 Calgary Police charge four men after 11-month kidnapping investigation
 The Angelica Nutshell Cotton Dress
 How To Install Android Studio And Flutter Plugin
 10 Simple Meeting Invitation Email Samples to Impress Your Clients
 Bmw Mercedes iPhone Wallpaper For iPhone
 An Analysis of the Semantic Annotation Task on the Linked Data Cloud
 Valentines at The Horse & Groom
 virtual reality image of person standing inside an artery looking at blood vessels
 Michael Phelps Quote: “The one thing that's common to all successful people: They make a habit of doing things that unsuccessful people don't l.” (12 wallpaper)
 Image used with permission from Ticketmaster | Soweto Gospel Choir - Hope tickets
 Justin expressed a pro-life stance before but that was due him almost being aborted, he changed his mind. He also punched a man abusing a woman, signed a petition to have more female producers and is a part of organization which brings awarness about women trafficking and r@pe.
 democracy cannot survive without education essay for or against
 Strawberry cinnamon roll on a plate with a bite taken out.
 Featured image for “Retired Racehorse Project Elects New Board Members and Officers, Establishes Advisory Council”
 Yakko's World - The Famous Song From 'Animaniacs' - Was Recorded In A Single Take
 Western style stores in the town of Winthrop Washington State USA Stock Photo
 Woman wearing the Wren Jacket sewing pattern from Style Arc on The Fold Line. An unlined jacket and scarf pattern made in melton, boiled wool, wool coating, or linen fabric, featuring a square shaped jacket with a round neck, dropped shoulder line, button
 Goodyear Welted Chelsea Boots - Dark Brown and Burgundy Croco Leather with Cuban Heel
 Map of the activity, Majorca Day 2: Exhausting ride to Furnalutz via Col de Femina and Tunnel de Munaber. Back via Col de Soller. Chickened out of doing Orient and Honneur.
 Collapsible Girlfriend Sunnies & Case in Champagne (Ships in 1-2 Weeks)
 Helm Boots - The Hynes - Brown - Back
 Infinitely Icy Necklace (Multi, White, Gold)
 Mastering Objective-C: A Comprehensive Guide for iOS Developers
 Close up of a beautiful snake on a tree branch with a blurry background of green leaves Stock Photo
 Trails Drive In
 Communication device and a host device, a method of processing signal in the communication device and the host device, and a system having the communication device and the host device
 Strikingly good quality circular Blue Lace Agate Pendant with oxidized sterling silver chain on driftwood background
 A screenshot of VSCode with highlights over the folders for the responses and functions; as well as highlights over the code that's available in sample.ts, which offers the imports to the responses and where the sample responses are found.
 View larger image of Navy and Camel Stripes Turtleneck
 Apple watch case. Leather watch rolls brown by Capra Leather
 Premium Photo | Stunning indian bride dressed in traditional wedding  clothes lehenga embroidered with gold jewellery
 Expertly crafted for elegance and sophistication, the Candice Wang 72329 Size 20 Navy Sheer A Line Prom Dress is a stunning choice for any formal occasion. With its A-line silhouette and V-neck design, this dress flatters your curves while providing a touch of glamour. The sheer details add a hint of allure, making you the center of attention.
──────
- PROMPT -
What is needed is every line from the start of the entries through the line containing "Image used with", returned word for word and nothing else.

- RESPONSE TO THIS TASK -
 Calgary Police charge four men after 11-month kidnapping investigation
 The Angelica Nutshell Cotton Dress
 How To Install Android Studio And Flutter Plugin
 10 Simple Meeting Invitation Email Samples to Impress Your Clients
 Bmw Mercedes iPhone Wallpaper For iPhone
 An Analysis of the Semantic Annotation Task on the Linked Data Cloud
 Valentines at The Horse & Groom
 virtual reality image of person standing inside an artery looking at blood vessels
 Michael Phelps Quote: “The one thing that's common to all successful people: They make a habit of doing things that unsuccessful people don't l.” (12 wallpaper)
 Image used with permission from Ticketmaster | Soweto Gospel Choir - Hope tickets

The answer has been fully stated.